Hairdressing adventures

Back in the day, my mom would tell me stories of how she had served as the occasional hairdresser in her youth, providing much needed grooming services free of charge to the aunties in her community. At that time, everybody apparently sported the same blunt communist era haircut. Grannies would get a bob cut, and girls would tie up longer hair in pigtails. “You just had to cut it straight”, she would say.

Anecdotally, my dad has also been cutting his own hair for decades. His tools of the trade are stored inside an ancient egg roll cookie container, along with a rainbow stripe colored sheet, used as a barber cape. Every few months, he would fish out the manual hair clipper and scissors to freshen up. The style is not exactly in vogue, but it is presentable and the only look I’ve ever seen him sport in my lifetime. I’d call it, functional dad hair.

Well who knew that COVID19 would practically shut down the entire economy, hair salons and barber shops included? Nick had started to pester me 2-months in about hair that was growing over his ears, and the mullet that he was starting to sprout. “Can you just cut around my ears?” he would ask. I knew that he was going to end up with a bowl cut if he planned to rely on my skills.

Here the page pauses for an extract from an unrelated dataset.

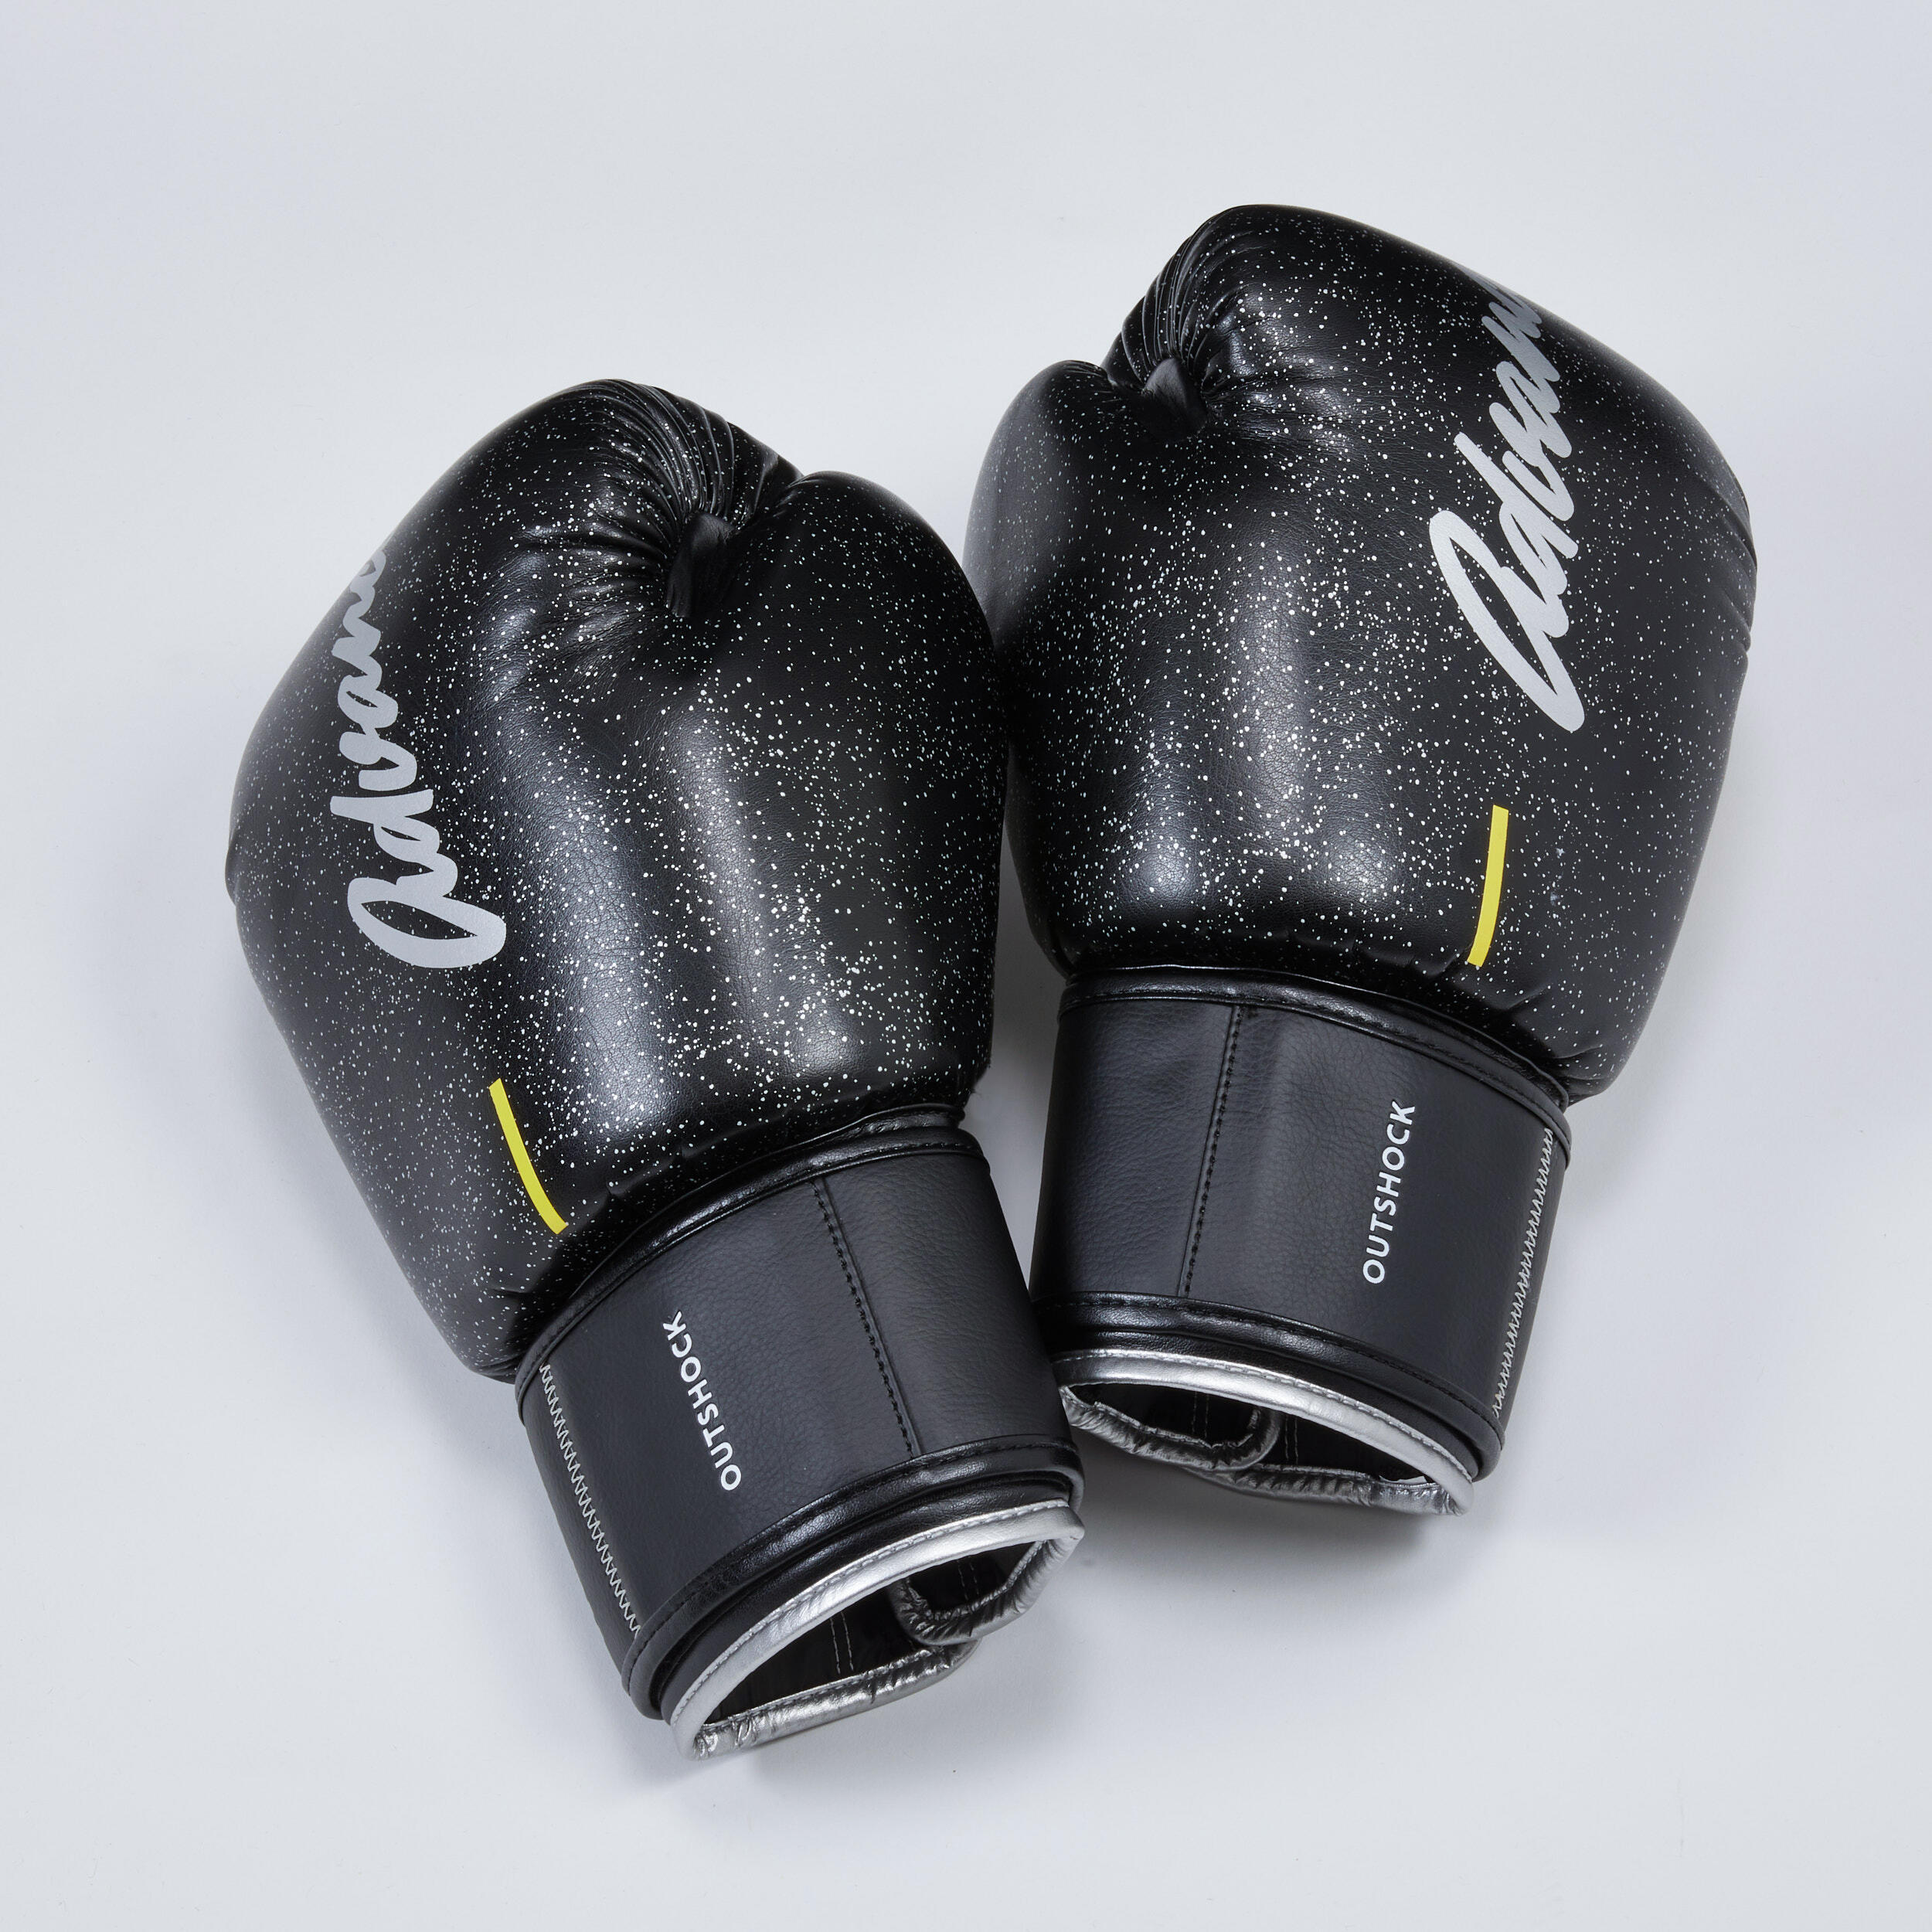 Kickboxing/Muay Thai Gloves 500 - Black 2/7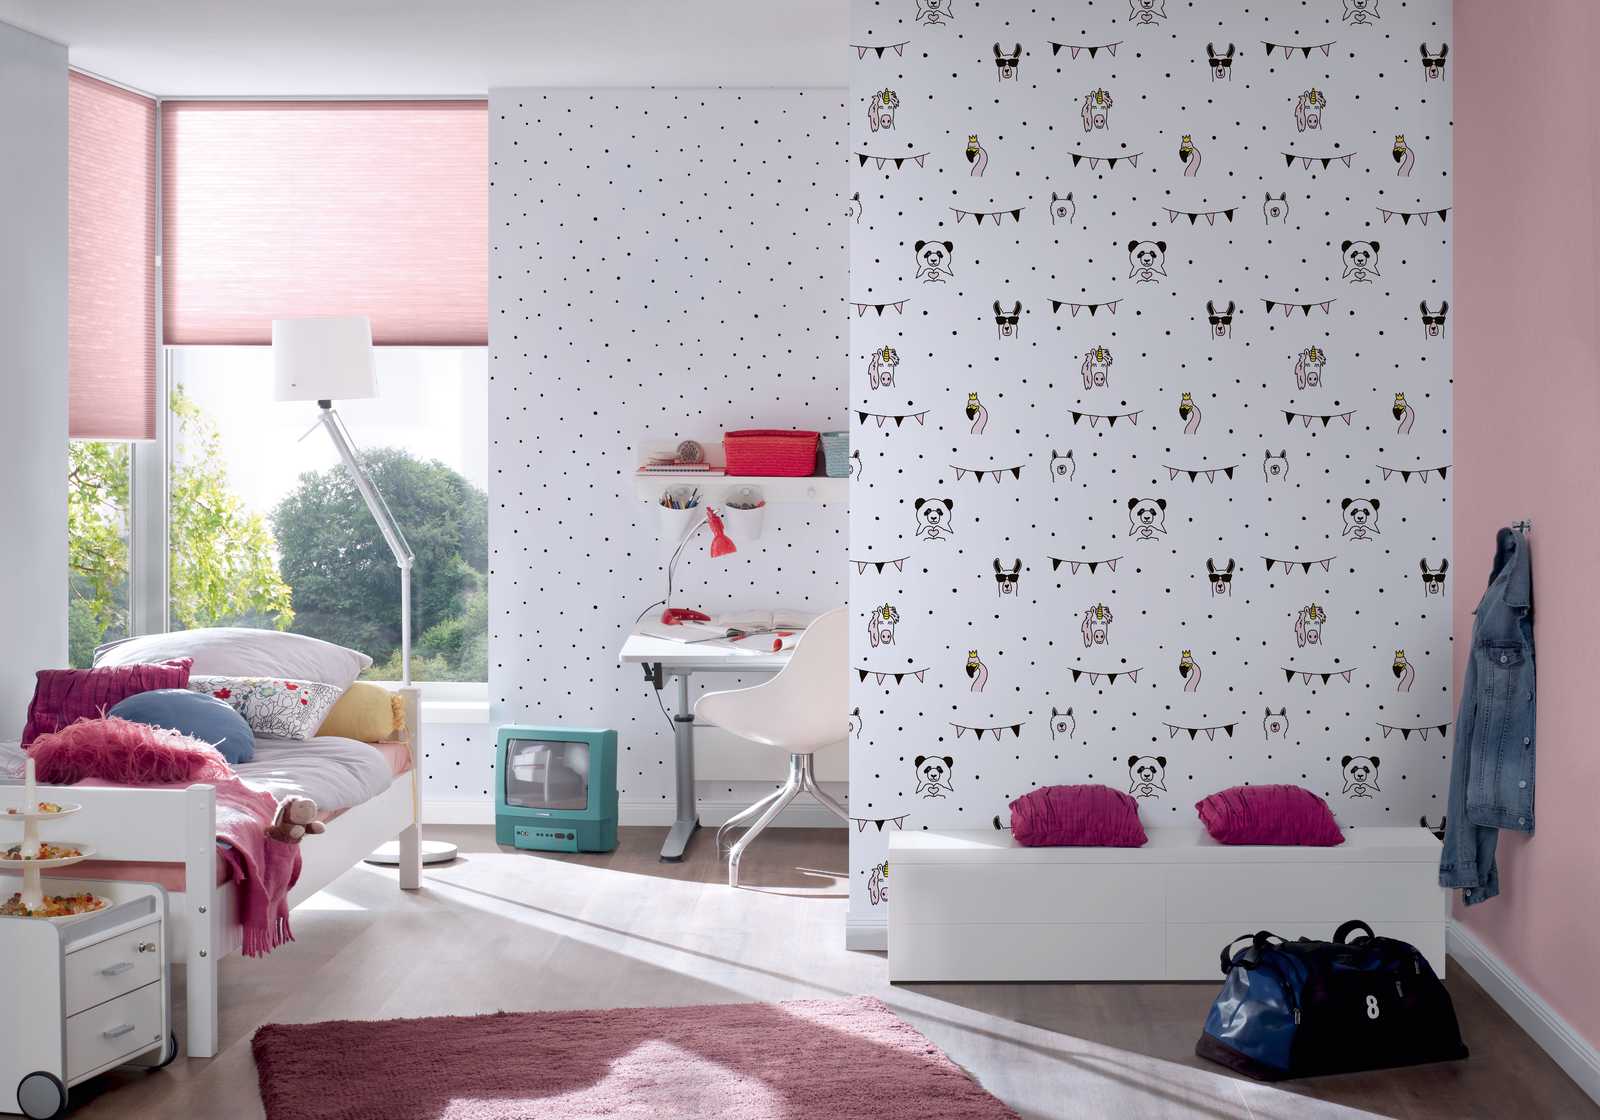             Children wallpaper with animal & dot pattern - pink, black, white

Given the experience and talent available to us, I suggested to Nick that, naturally, he should consider getting a haircut from my mom, using my dad’s haircutting tools! Unfortunately, Nick was not sold on this idea. He was staunchly unconvinced of my mom’s hairdressing credentials and “did not want to have my dad’s haircut”. Instead, he turned to the world of YouTube for advice on his hairdressing adventures.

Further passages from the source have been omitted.